Undoubtedly, the study of the potential impact of MSP on retail losses is in its infancy – relatively few retailers are actively testing these technologies at the moment although many are reviewing their strategic business plans to better take account of how the ‘mobile world’ is changing the retail environment. Like any research in a newly evolving field, it has inevitably generated a series of new questions requiring exploration, including:

  • Will the consumer of the future adopt MSP as their preferred mode of in-store shopping?
  • Can a more robust Return on Investment model be developed which takes full account of all the costs and benefits of MSP systems?
  • How might the applicability of MSP systems be affected by store type and socio-economic factors, such as local crime rates?
  • Can a more reliable picture be developed of whether non-scan events are malicious or nonmalicious – can the motivation of the non-scanner be better understood?

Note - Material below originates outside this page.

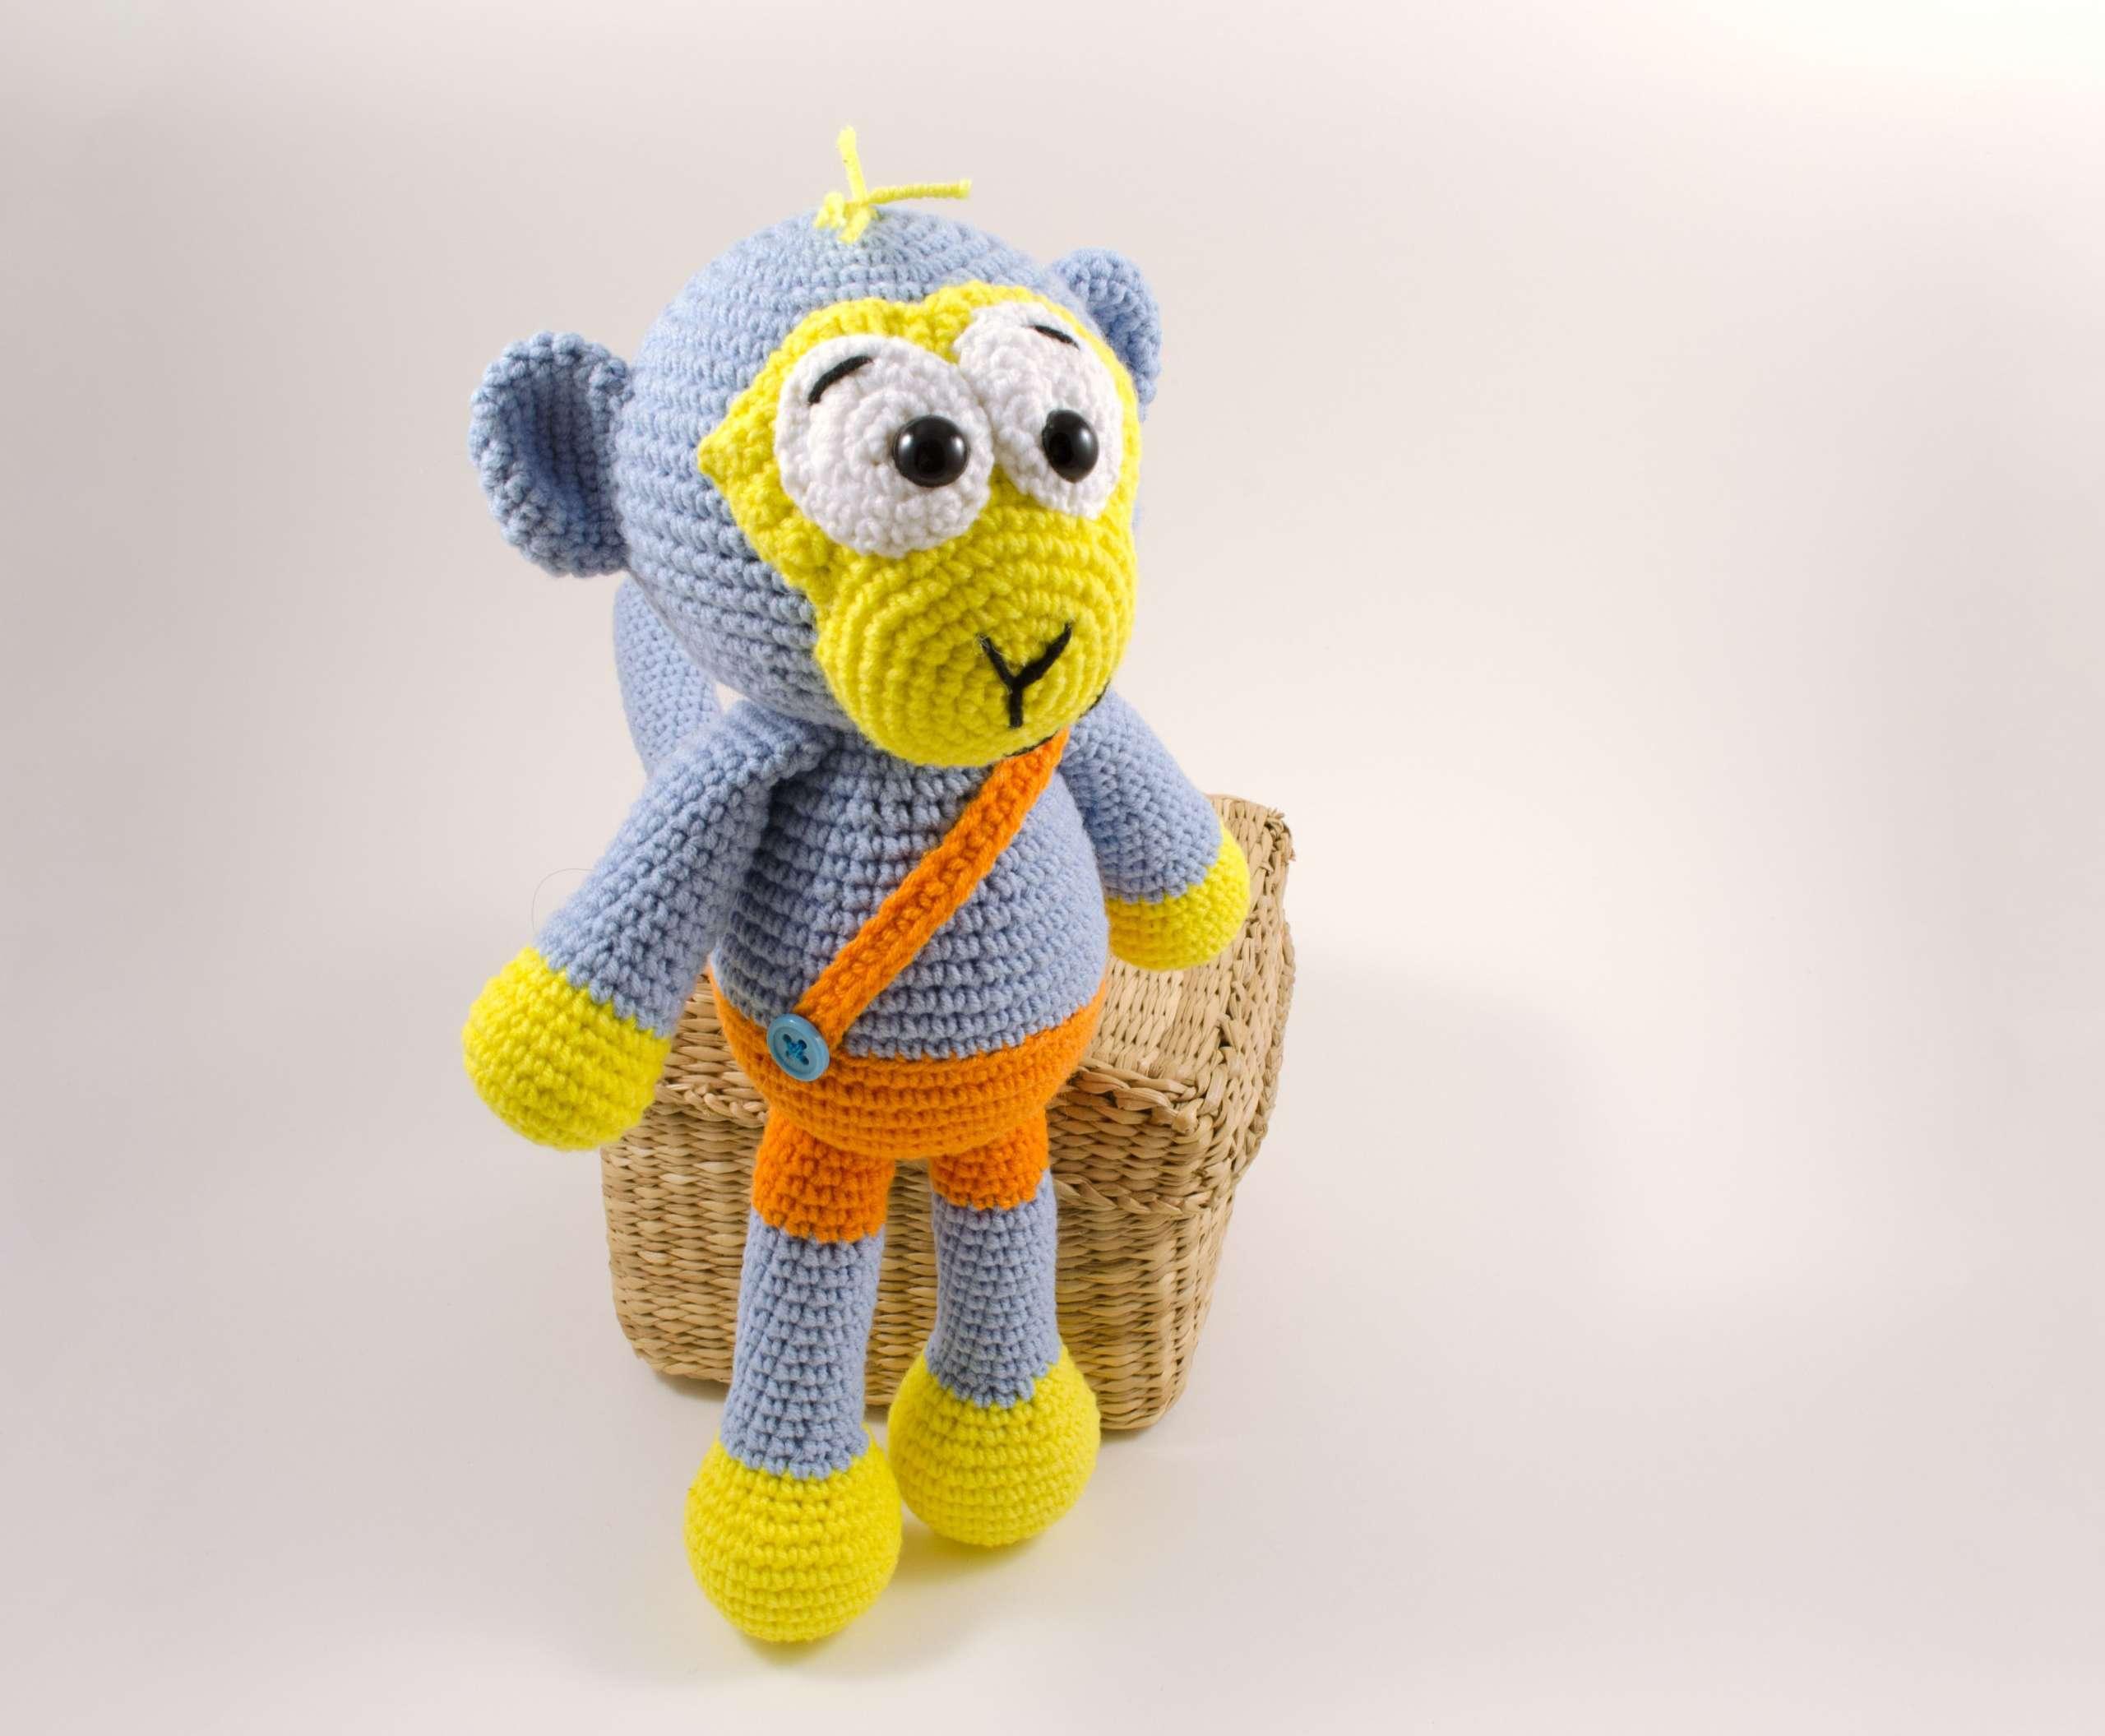 Fancy Design Handmade Crochet Patterns Monkey Baby Doll Amigurumi ...   1583x1920
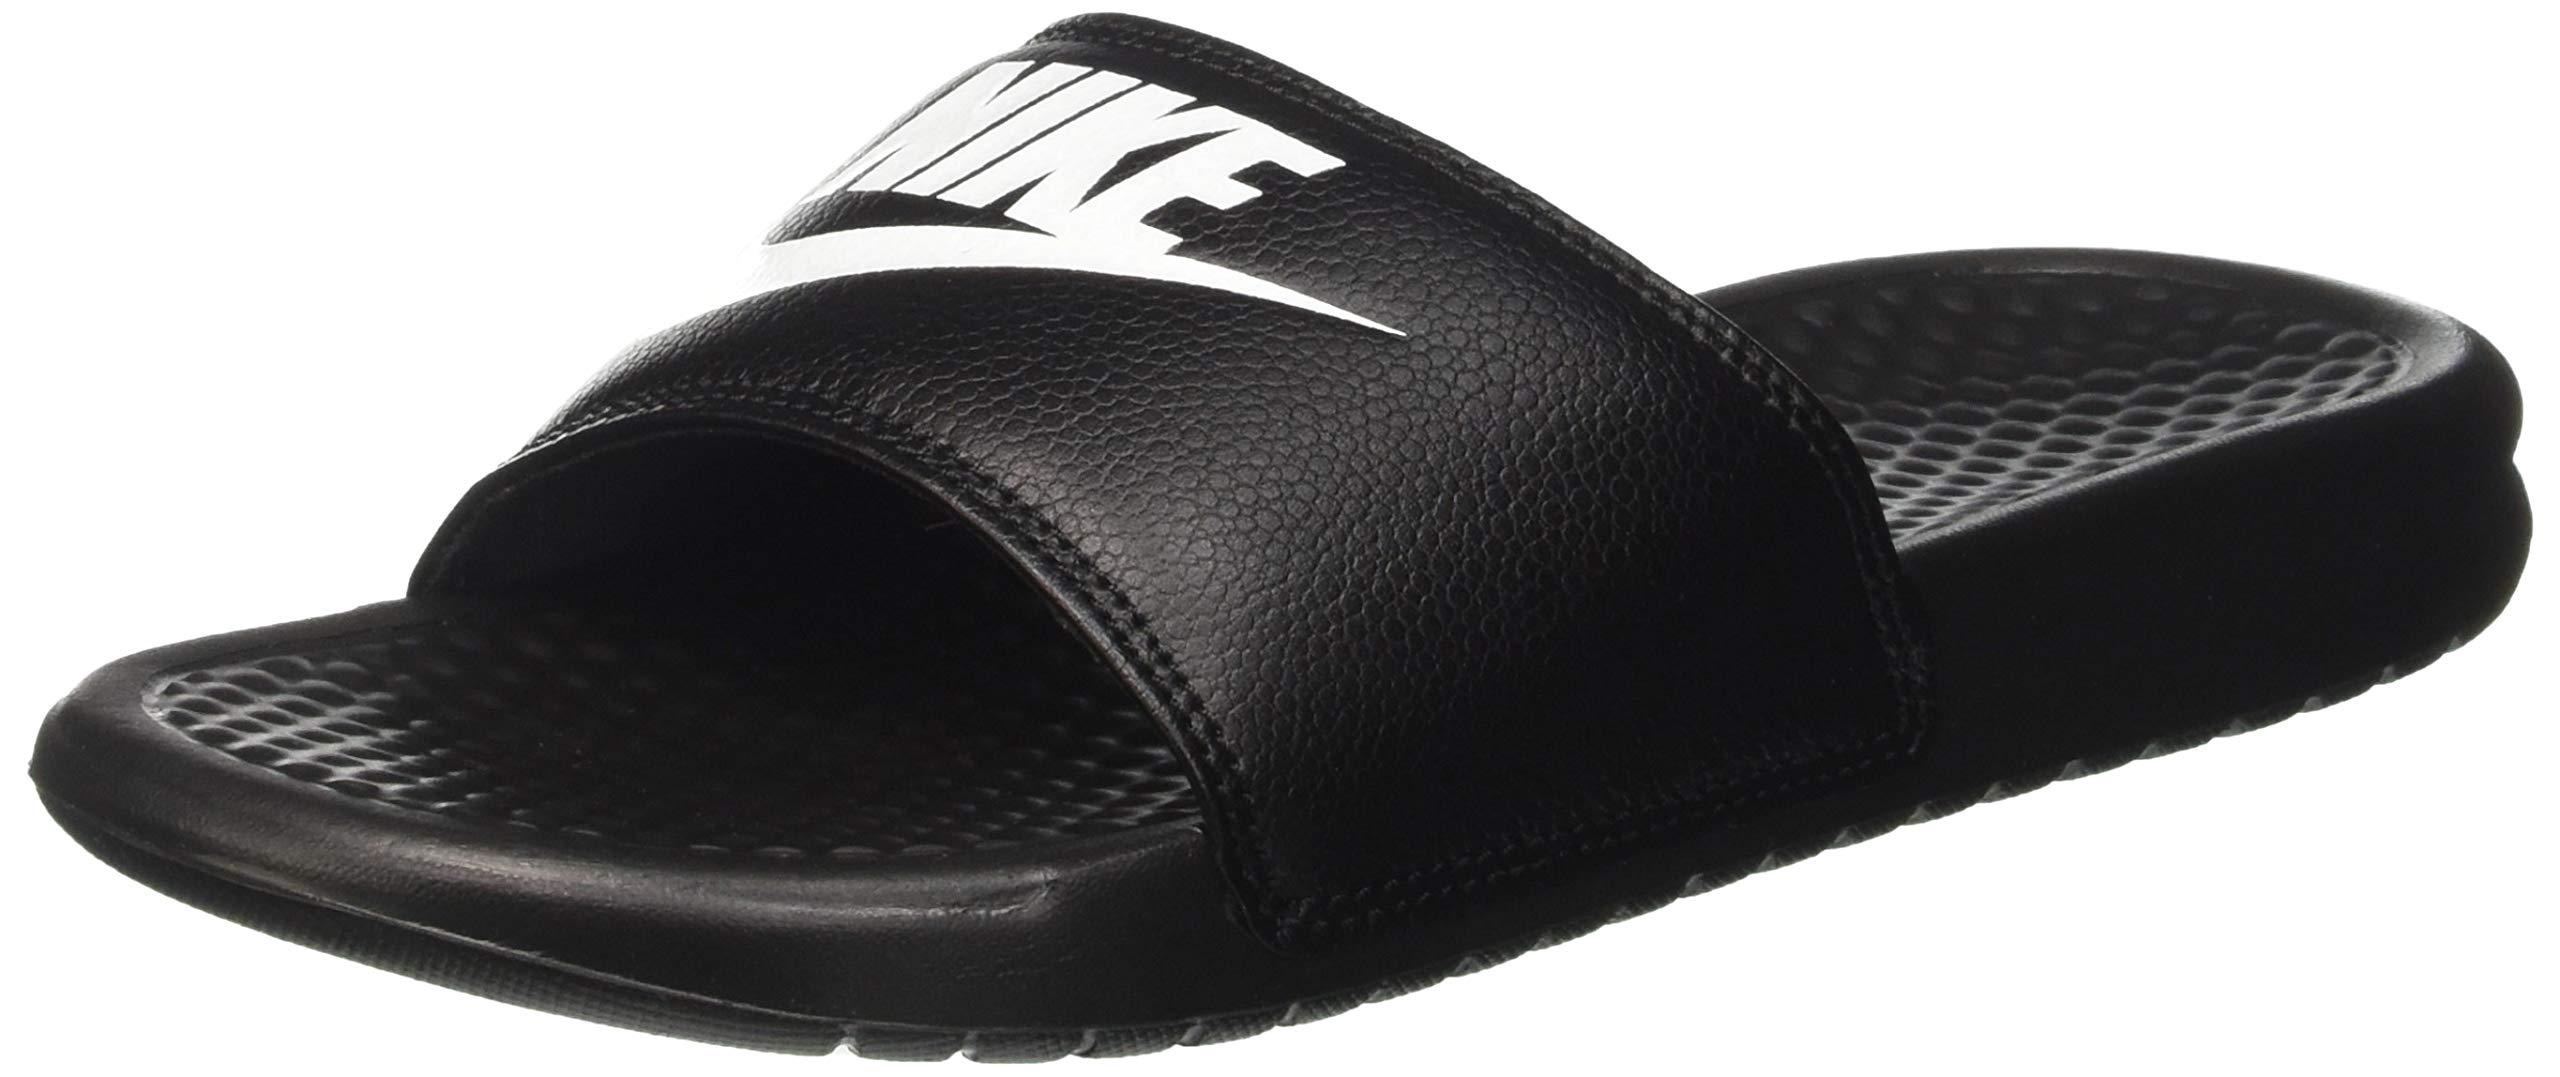 reputable site 50b81 db4ce Galleon - Nike Men s Benassi Just Do It Athletic Sandal, Black White Noir  Blanc, 12.0 Regular US

  • Are there particular types of products that are more likely to be non-scanned either maliciously (highly desirable or easily resold items) or non maliciously (such as poor product and bar code design)?
  • How tolerant will customers be of various types of crime prevention mechanisms focussed on MSP and will this vary depending upon the prevailing consumer culture?
  • How can existing product protection technologies be adapted to make them more compliant with MSP systems?
  • What evidence is there of consumer concern about retailer tracking and surveillance generated by MSP systems?
  • How can end of shop audit algorithms be developed to create the right ‘amount’ of risk amplification for any given consumer?
  • How might new tagging technologies be developed to create risk amplification throughout the MSP shopping journey?

This is in no way an exhaustive list of future research questions relating to MSP but it does highlight a number of key questions that will help retailers to better understand how their future mobile shopping offer might either give them a powerful and profitable competitive edge or alternatively, generate excessive losses that could prove highly detrimental to the overall health of their business.